There is a direct u-sub to handle this integral, but the way you have done it does illustrate an important concept.LocalStudent said:When I did integration by parts I got to this:
tan^2 x - ∫(sec^2 x tanx) dx (integral also from 0 to ∏/3)
which take you back to the question I started with.
Jorriss said:Suppose, I = ∫Adx and you perform integration by parts and get I = B - ∫Adx. Well, that second integral is, as you noted, what you started with. Thus, I = B - I and so 2I = B and thus, I=B/2.
integrals.
Jorriss said:There is a direct u-sub to handle this integral, but the way you have done it does illustrate an important concept.
Suppose, I = ∫Adx and you perform integration by parts and get I = B - ∫Adx. Well, that second integral is, as you noted, what you started with. Thus, I = B - I and so 2I = B and thus, I=B/2.
That type of oscillatory behavior is very important for many trigonometric and exponential integrals.
The equation is ∫(sec^2 x tanx) dx from 0 to ∏/3.

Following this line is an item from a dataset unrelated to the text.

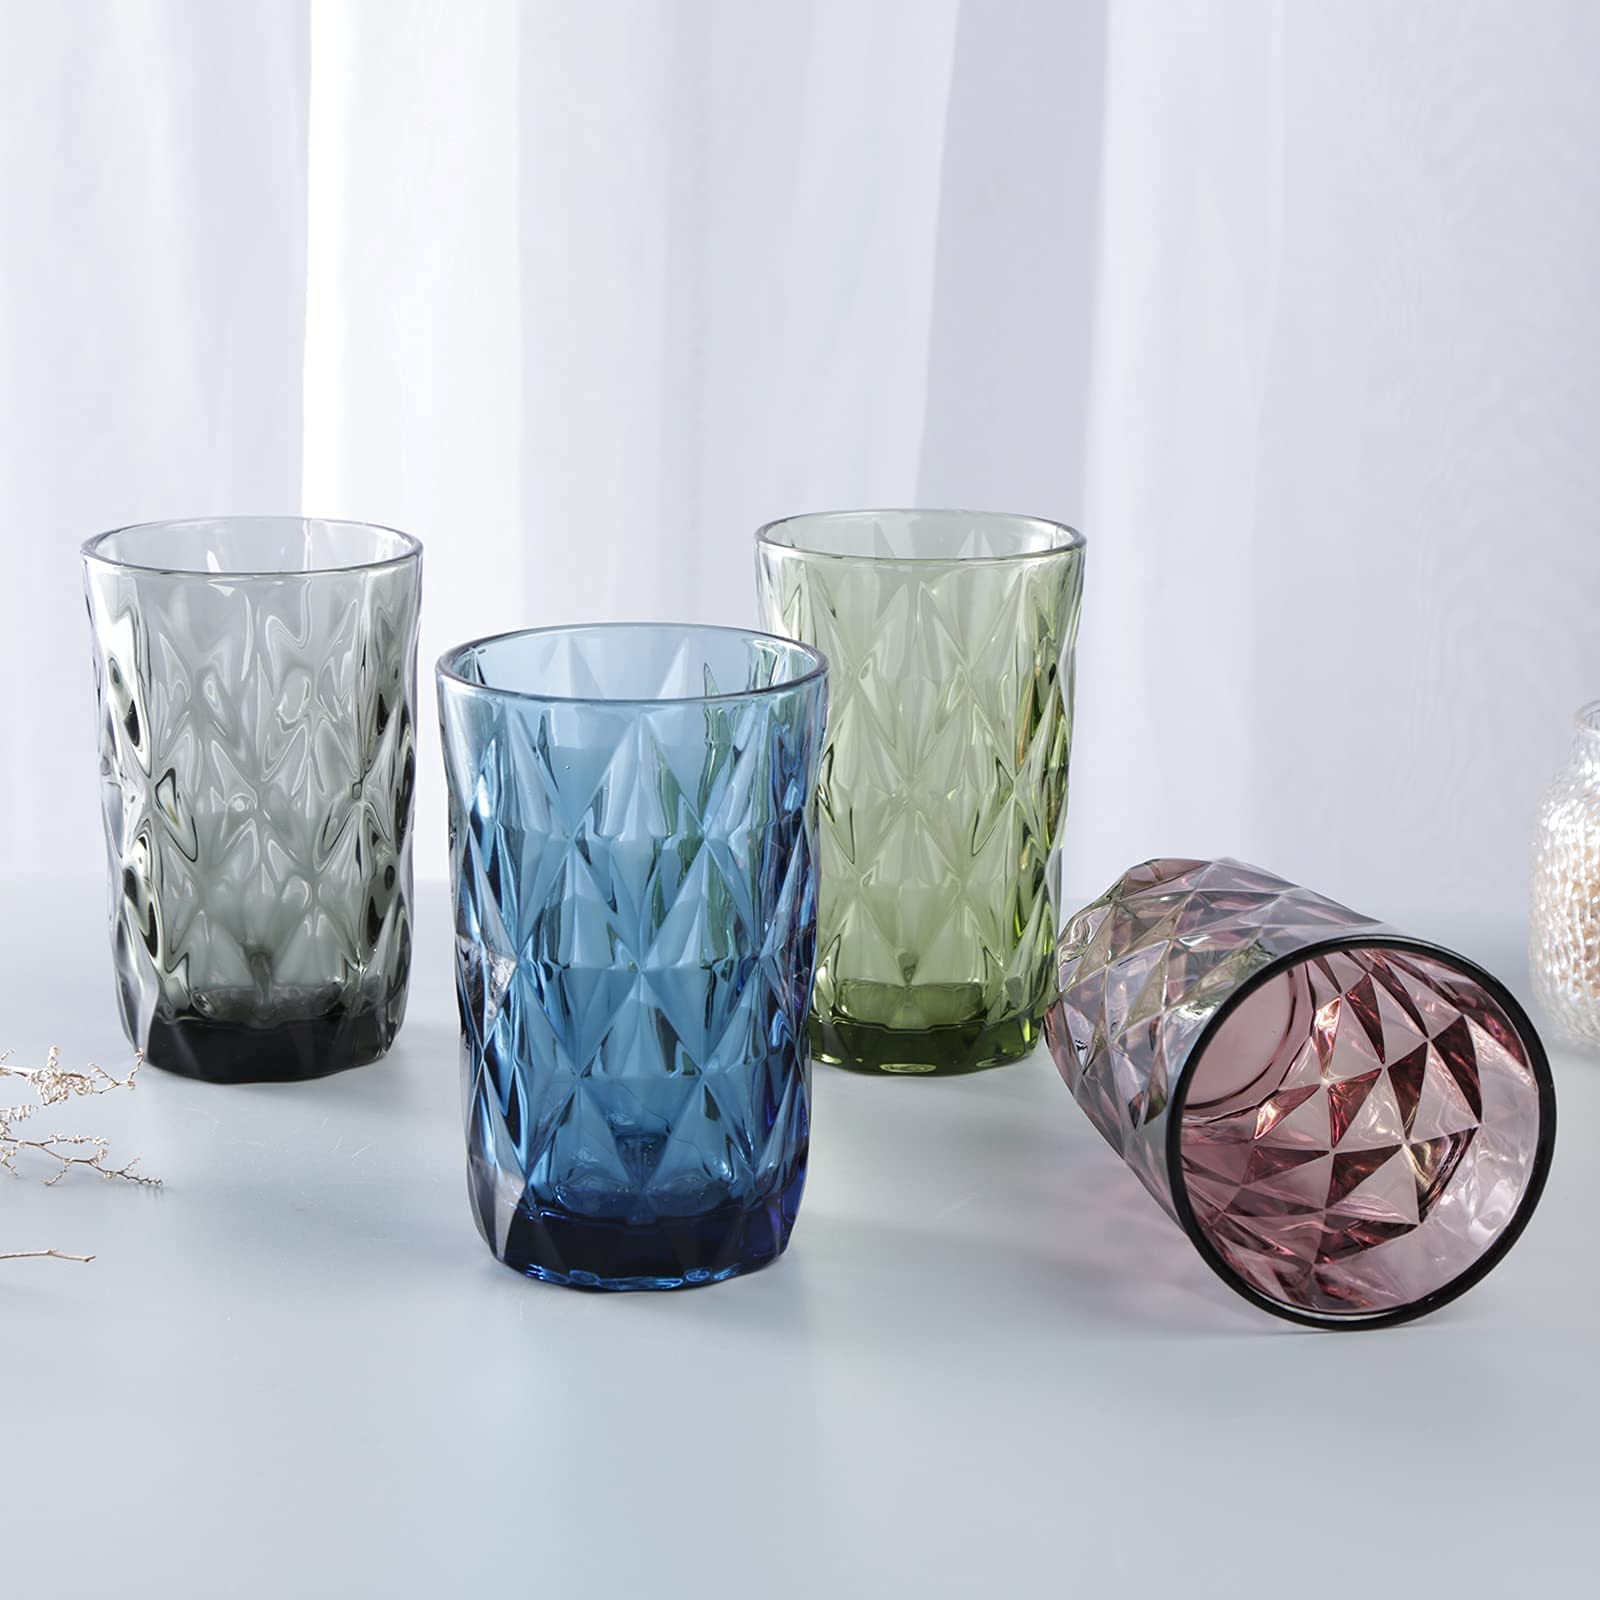 Bandesun Drinking Glass set of 6 Modern Glassware Diamond Pattern Tumbler Cup（12 OZ），for Water，Cocktail，Milk，Juice and Beverage

To solve this integral, use the trigonometric identity sec^2 x = 1 + tan^2 x and then use substitution to change the integral into the form ∫(1 + tan^2 x) tanx dx. Then, use integration by parts to solve the integral.
The value of the integral is approximately 0.75.
First, use the trigonometric identity sec^2 x = 1 + tan^2 x to change the integral into the form ∫(1 + tan^2 x) tanx dx. Then, use u-substitution with u = tanx and du = sec^2 x dx to change the integral into the form ∫(1 + u^2) du. Use integration by parts with u = u and dv = 1 + u^2 to solve the integral. Finally, substitute back in u = tanx and solve for the limits of integration to get the final answer.
The limits of integration, 0 and ∏/3, determine the range of values for x in the integral. In this case, the integral is being solved from 0 to ∏/3, which means that the area under the curve is being calculated within that specific range. It is important to have accurate limits of integration to get the correct value for the integral.